III. Source of the Collections of Southeast Asian Palm Leaf Manuscripts
Three different corpus of palm leaf manuscripts written in three different scripts and languages are collected from various locations in Indonesia (Balinese and Sundanese) and Cambodia (Khmer).
A. Balinese Palm Leaf Manuscripts
In order to obtain a large variety of manuscript images, the sample images have been collected from 23 different collections (contents), which come from 5 different locations (regions): 2 museums and 3 private families. It consists of randomly selected 10 collections from Museum Gedong Kertya, City of Singaraja, Regency of Buleleng, North Bali, Indonesia, 4 collections from manuscript collections of Museum Bali, City of Denpasar, South Bali, 7 collections from the private family collection from Village of Jagaraga, Regency of Buleleng, and 2 others collections from private family collections from Village of Susut, Regency of Bangli and from Village of Rendang, Regency of Karangasem [10].

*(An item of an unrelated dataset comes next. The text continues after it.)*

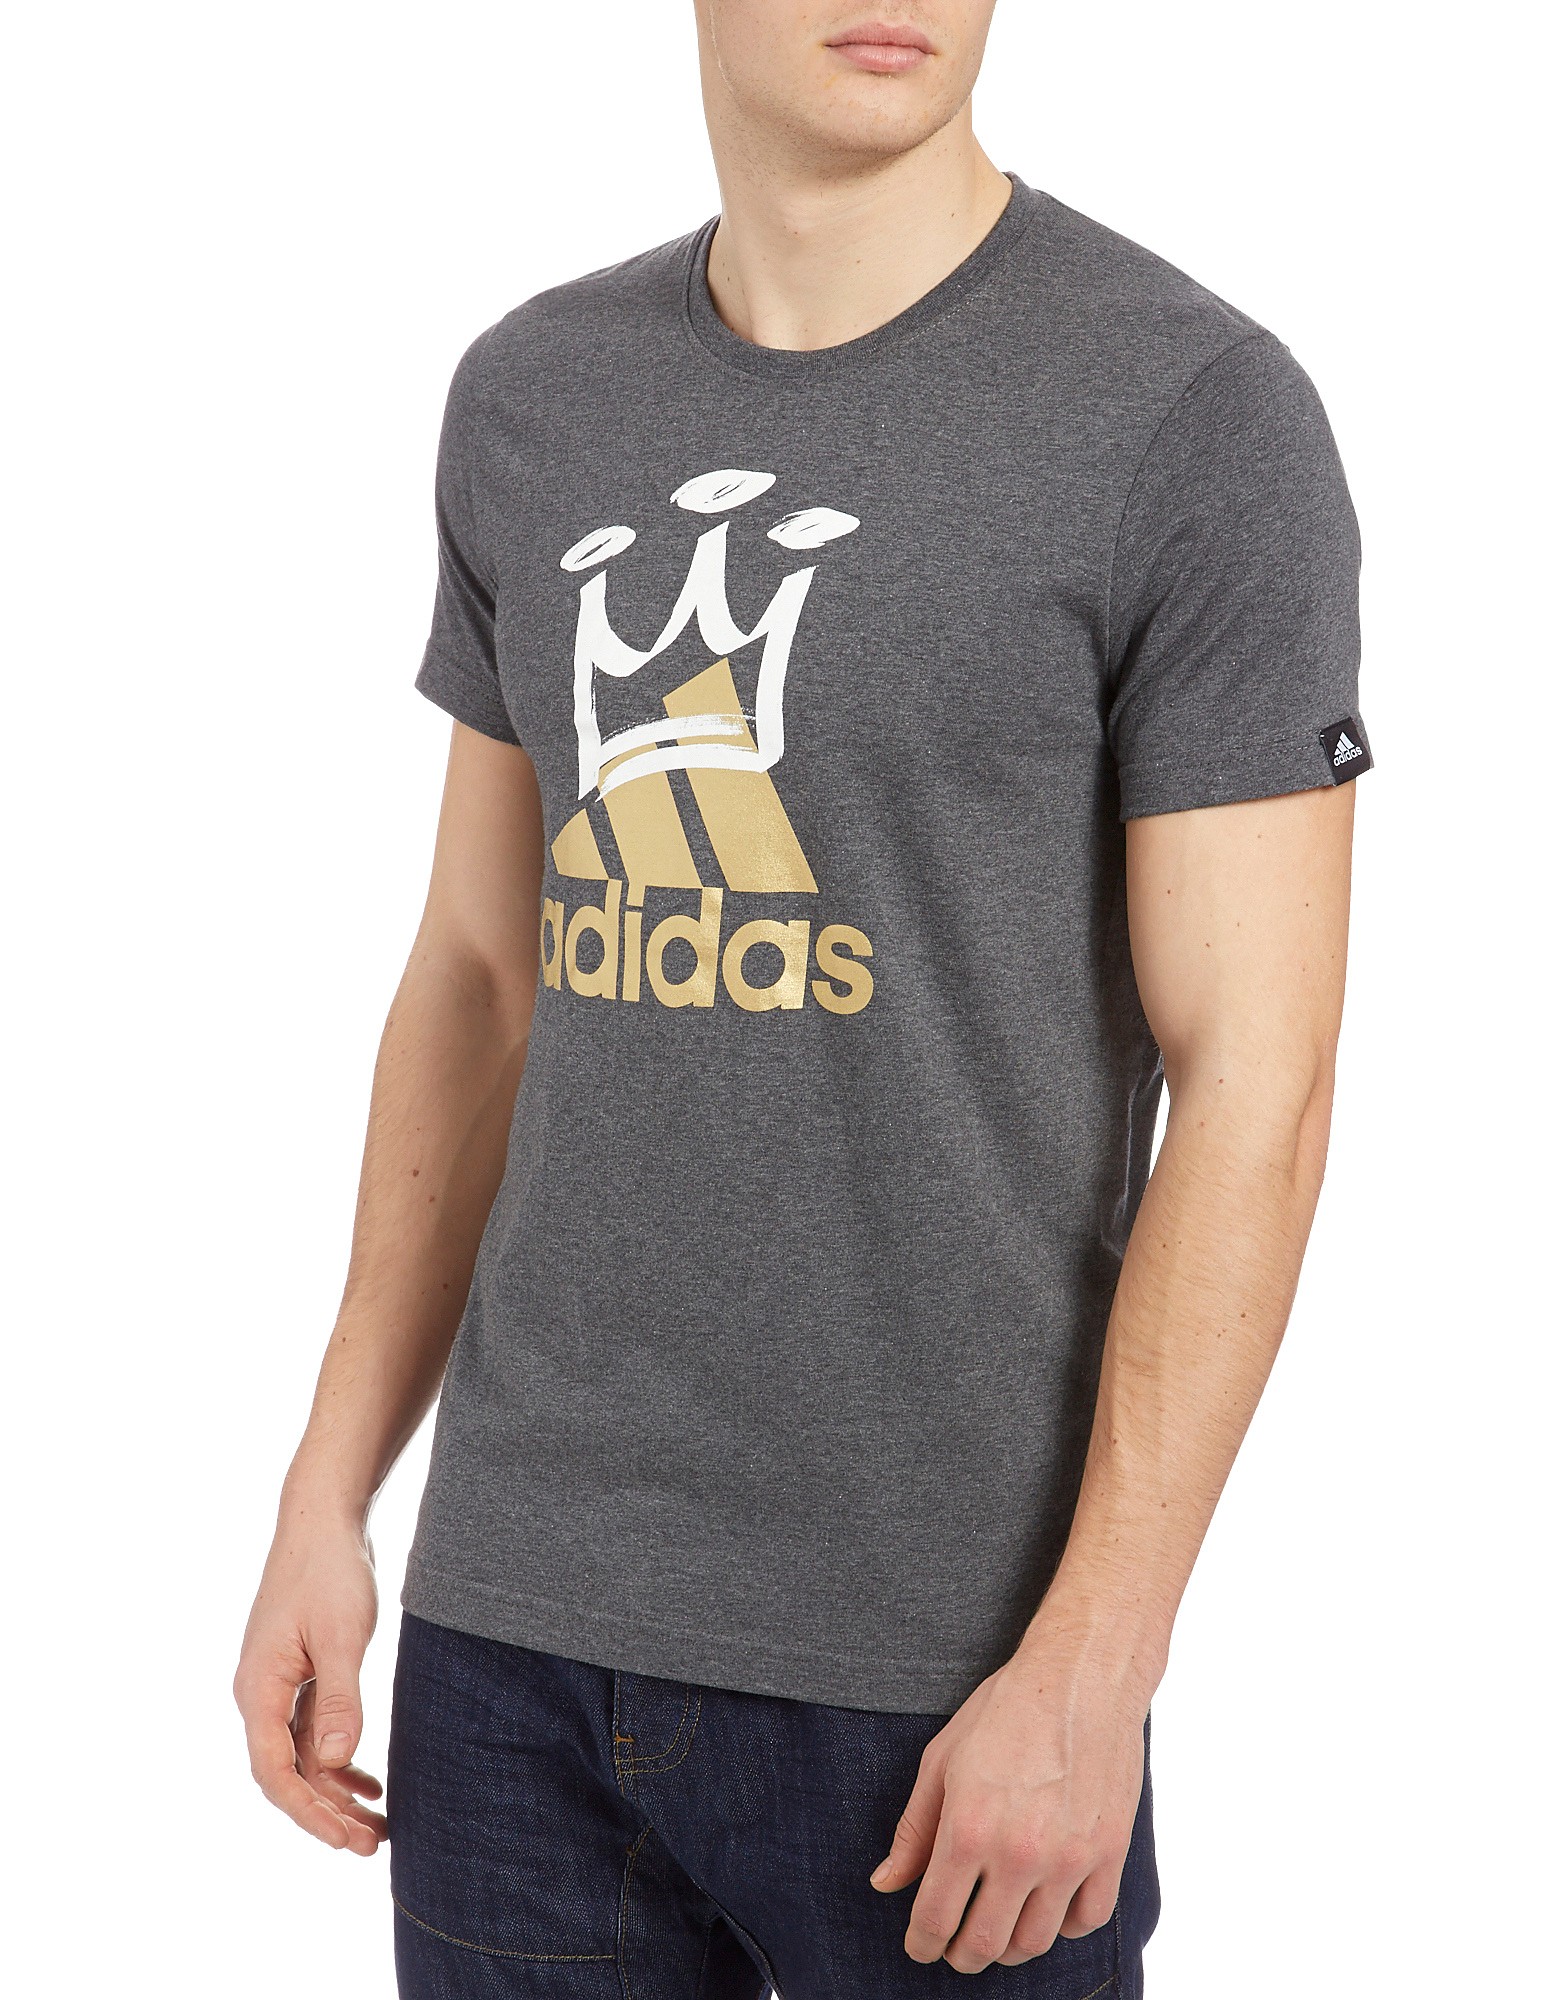 Adidas Perf King T-Shirt

Figure 1. Balinese palm leaf manuscripts
B. Khmer Palm Leaf Manuscripts
In Cambodia, the Khmer palm leaf manuscripts (Fig. 2) are still seen in Buddhist establishments and are being used habitually and traditionally by monks as reading scriptures. Various libraries and institutions have been collecting and digitizing these manuscripts and have even shared the digital images to the public. For instance, the École Française d’Extrême-Orient (EFEO) has launched an online database of microfilm images of hundreds of Khmer palm leaf manuscript collections. Some more digitized collections are also obtained from the Buddhist Institute, which is one of the biggest institutes in Cambodia responsible for research on Cambodian literature and language related to Buddhism, and also from the National Library (situated in the capital city Phnom Penh) which is home to a large collection of palm leaf manuscripts. Moreover, a standard digitization campaign was conducted in order to capture and collect palm leaf manuscript images found in Buddhist temples in different locations throughout Cambodia: Phnom Penh, Kandal, and Siem Reap [11].

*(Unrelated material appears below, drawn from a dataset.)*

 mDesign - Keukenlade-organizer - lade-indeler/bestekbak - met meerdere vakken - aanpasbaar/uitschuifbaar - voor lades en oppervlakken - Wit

Figure 2. Khmer palm leaf manuscript
C. Sundanese Palm Leaf Manuscripts
The collection of Sundanese palm leaf manuscripts (Fig. 3) comes from Situs Kabuyutan Ciburuy, Garut, West Java, Indonesia. The Kabuyutan Ciburuy is a cultural complex heritage from Prabu Siliwangi and Prabu Kian Santang, The King and the son of the Padjadjaran kingdom. The cultural complex consists of six buildings. One of them is Bale Padaleuman which is used to store the Sundanese palm leaf manuscripts. The oldest Sundanese palm leaf manuscript in Situs Kabuyutan Ciburuy came from the 15th century. In Bale Padaleuman, there are 27 collections of Sundanese manuscript. Each collection contains 15 to 30 pages, with the dimension of 25-45 cm in length x 10-15 cm in width [12].

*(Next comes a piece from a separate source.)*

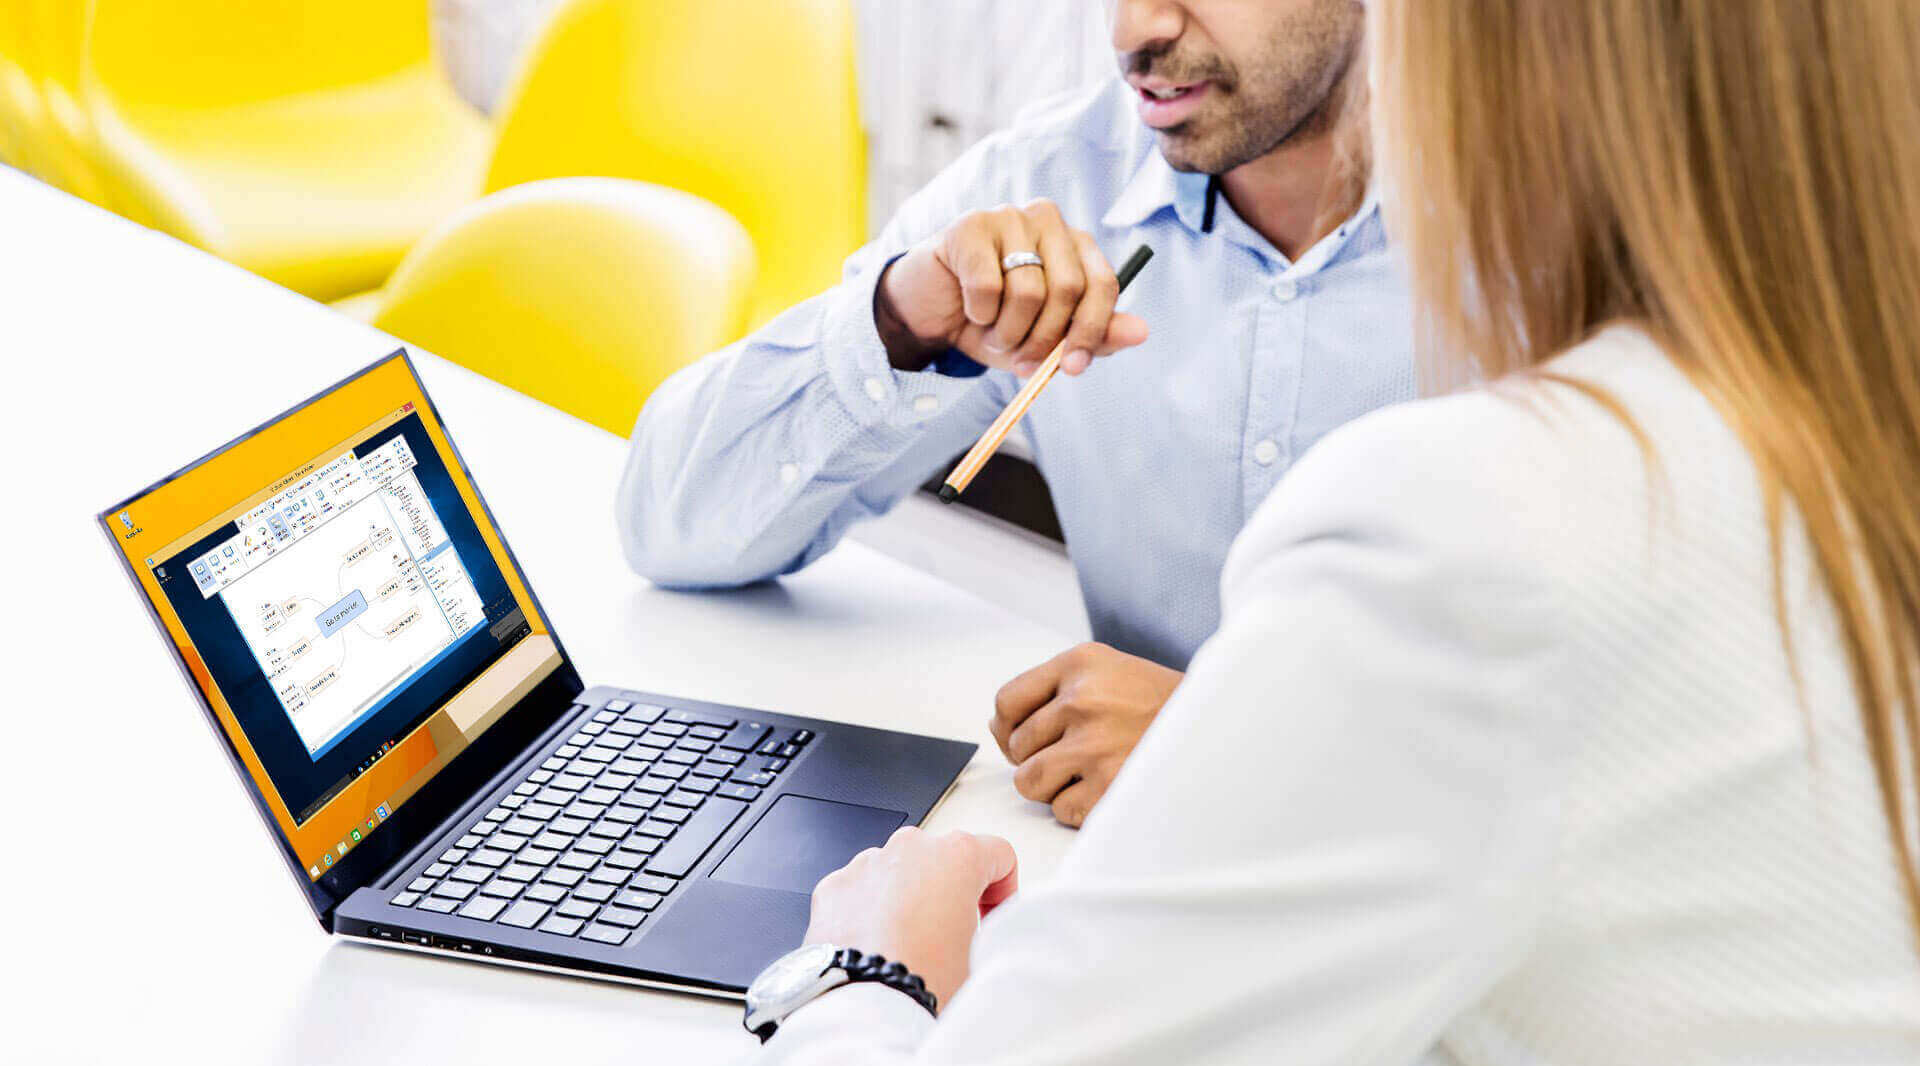 Мужчина и женщина используют функцию демонстрации экрана и показывают на ноутбук во время совещания

Figure 3. Sundanese palm leaf manuscript
In this competition, four DIA tasks are proposed as the challenges :
- Challenge A : Binarization for Southeast Asian Palm Leaf Manuscripts
- Challenge B : Text Line Segmentation for Southeast Asian Palm Leaf Manuscripts
- Challenge C : Isolated Character/Glyph Recognition for Southeast Asian Palm Leaf Manuscripts
- Challenge D : Word Transliteration for Southeast Asian Palm Leaf Manuscripts
All researchers are invited to participate in one or more challenges described in the corresponding sections.